WHAT TO PRODUCE
For this exercise, the lines from the one with "General 1680x1050 redhead" through the final line of the data below are to be transcribed exactly, and pictures are to be skipped.

DATASET CONTENT
---*---
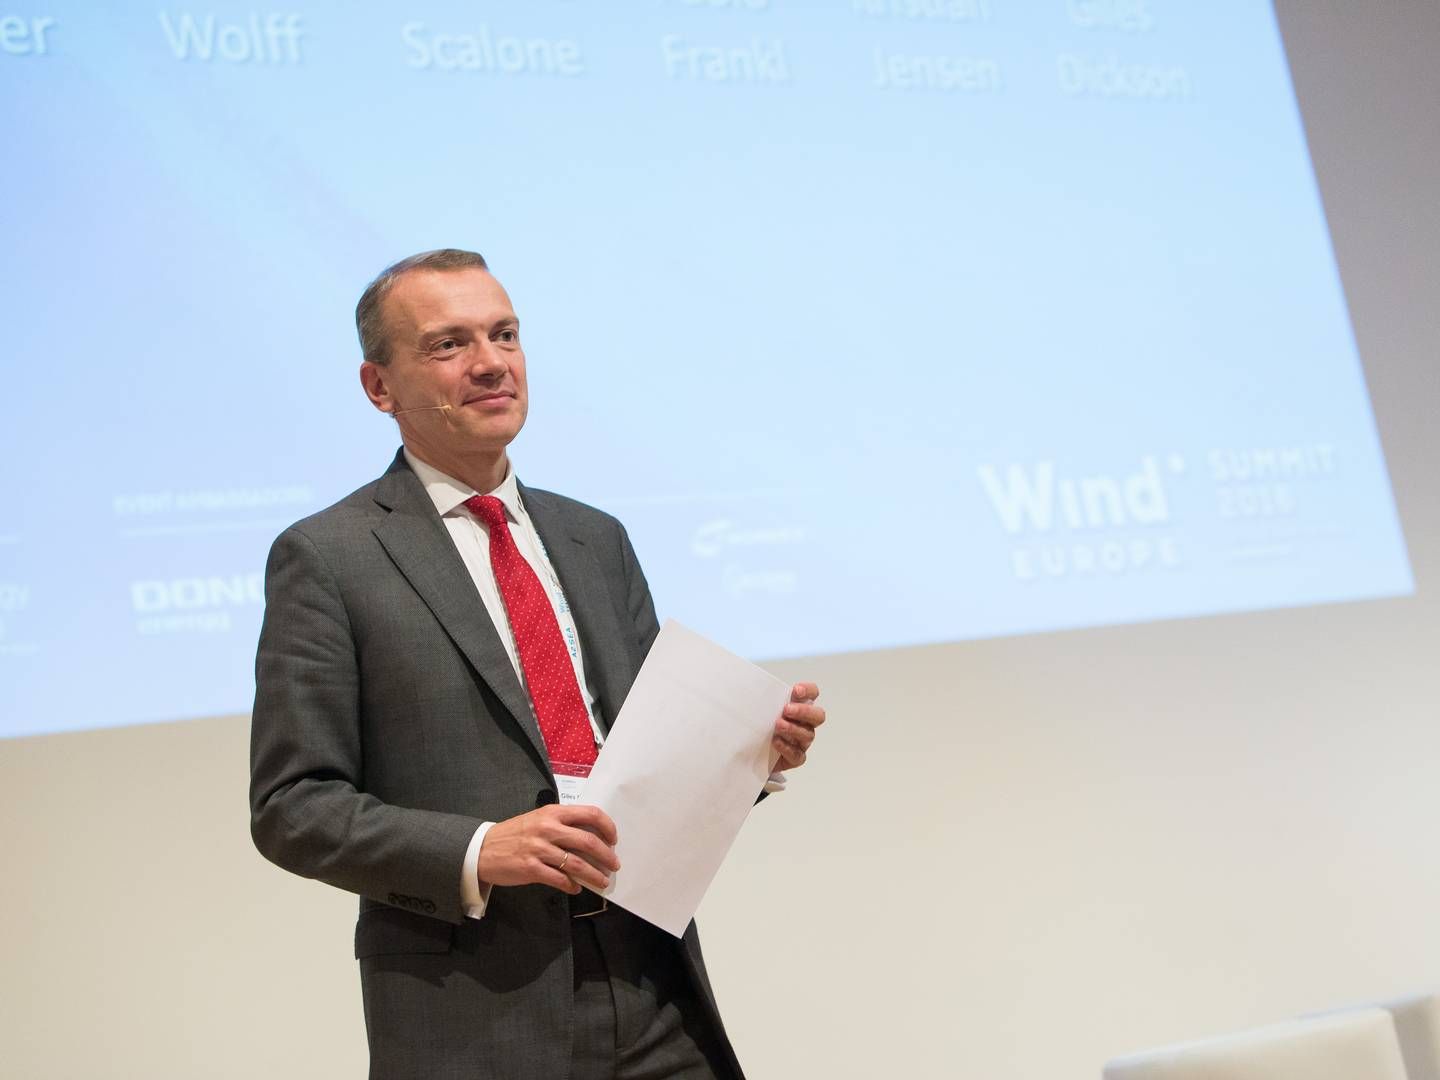 Adm. direktør for Wind Europe Giles Dickson. | Foto: Windeurope / Bickley
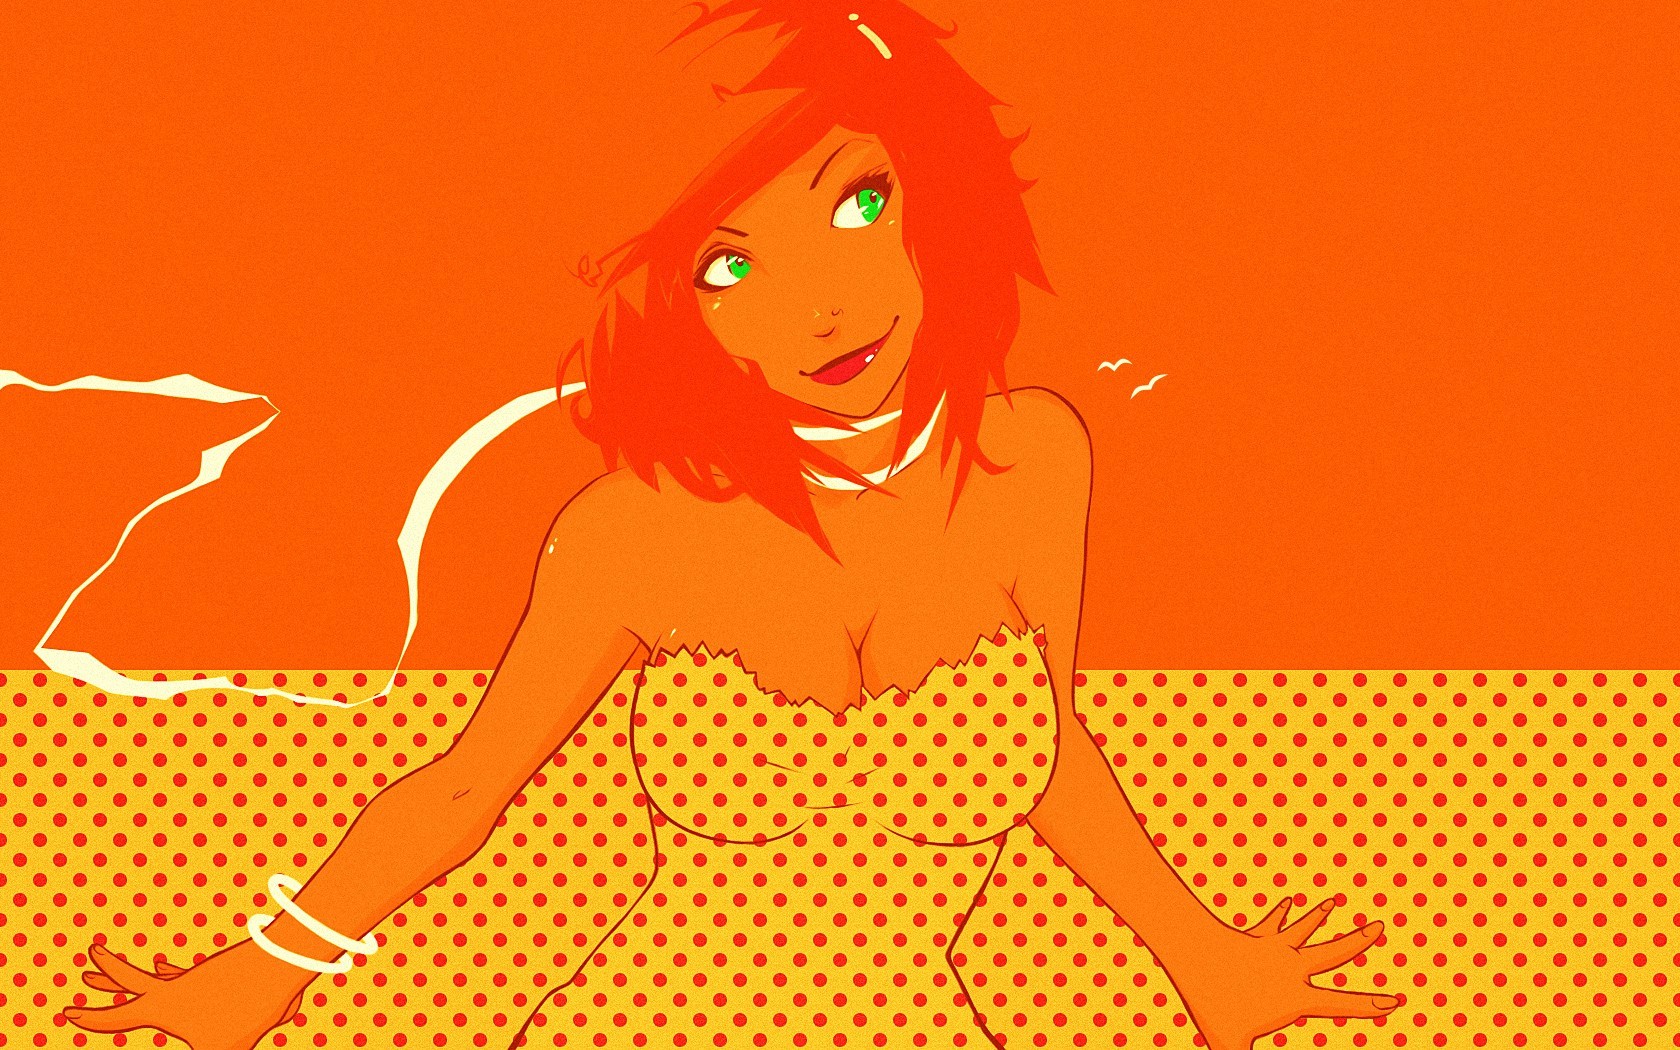 General 1680x1050 redhead green eyes orange background cleavage drawing orange yellow polka dots women boobs artwork looking away red lipstick
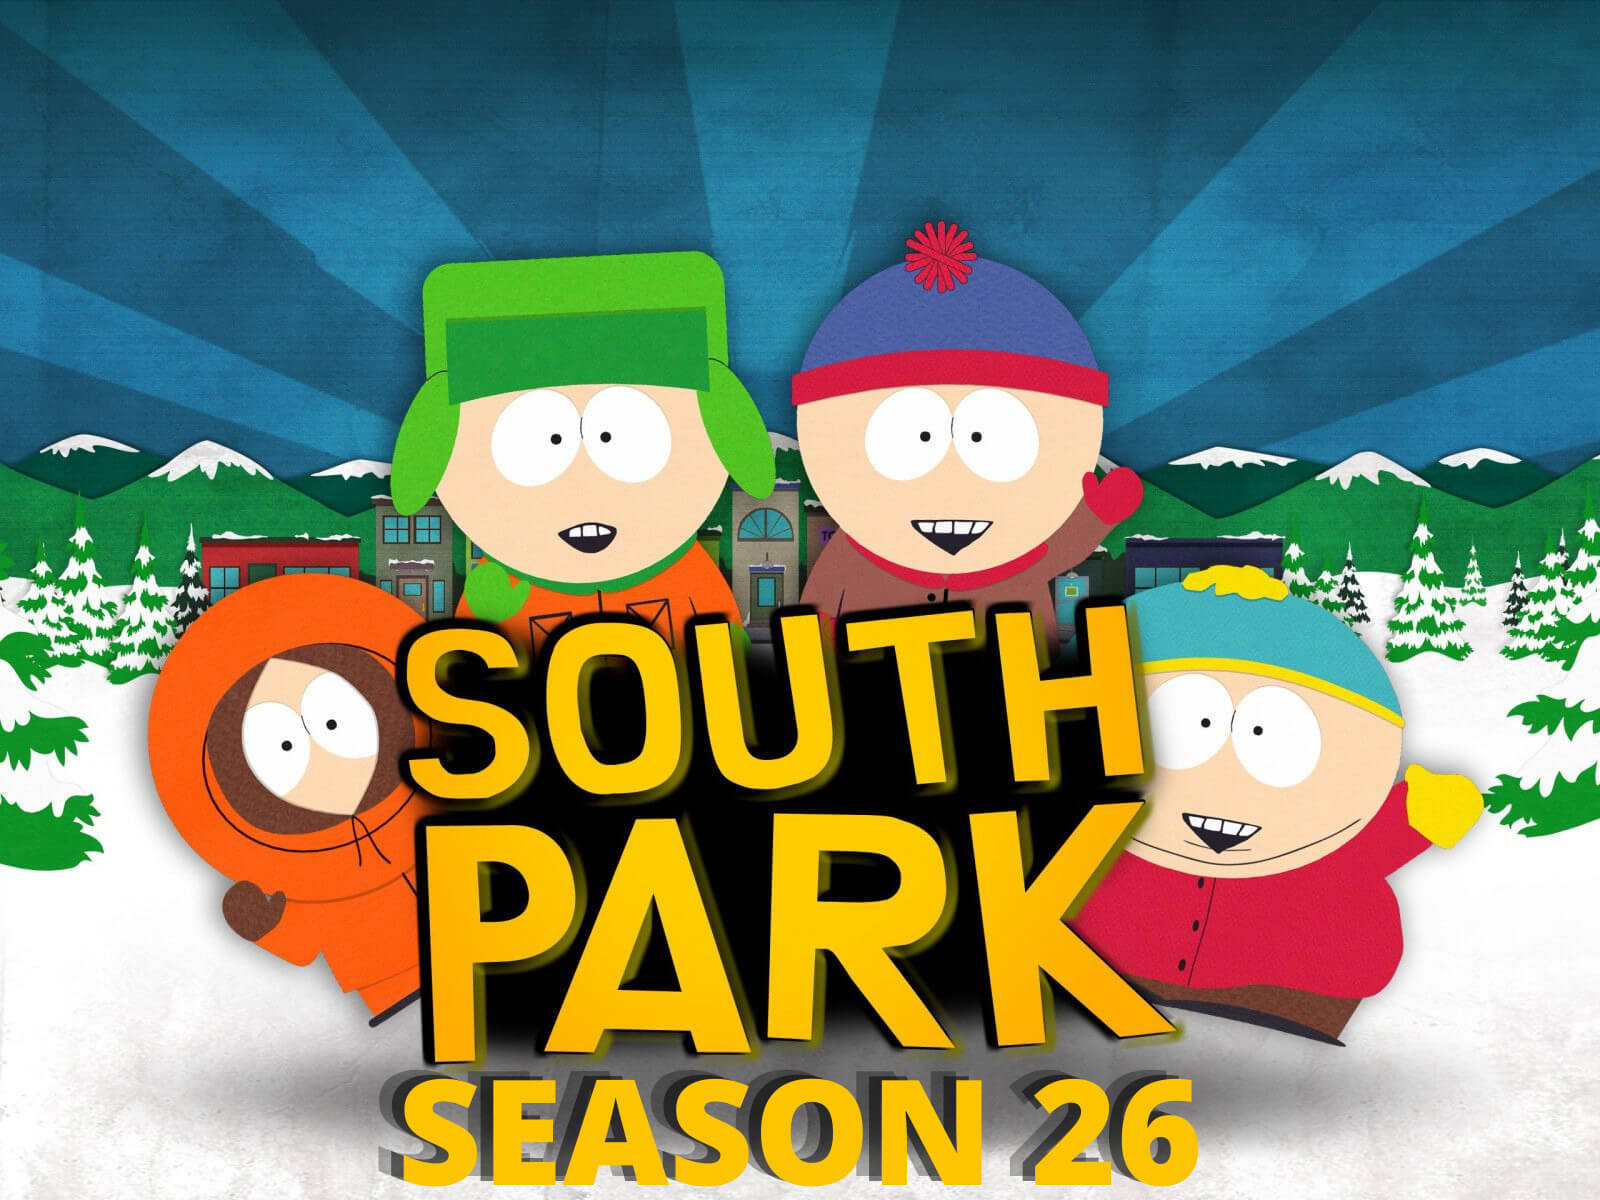 South Park Season 26 Premiere Date
---*---
EXERCISE RESULT
 General 1680x1050 redhead green eyes orange background cleavage drawing orange yellow polka dots women boobs artwork looking away red lipstick
 South Park Season 26 Premiere Date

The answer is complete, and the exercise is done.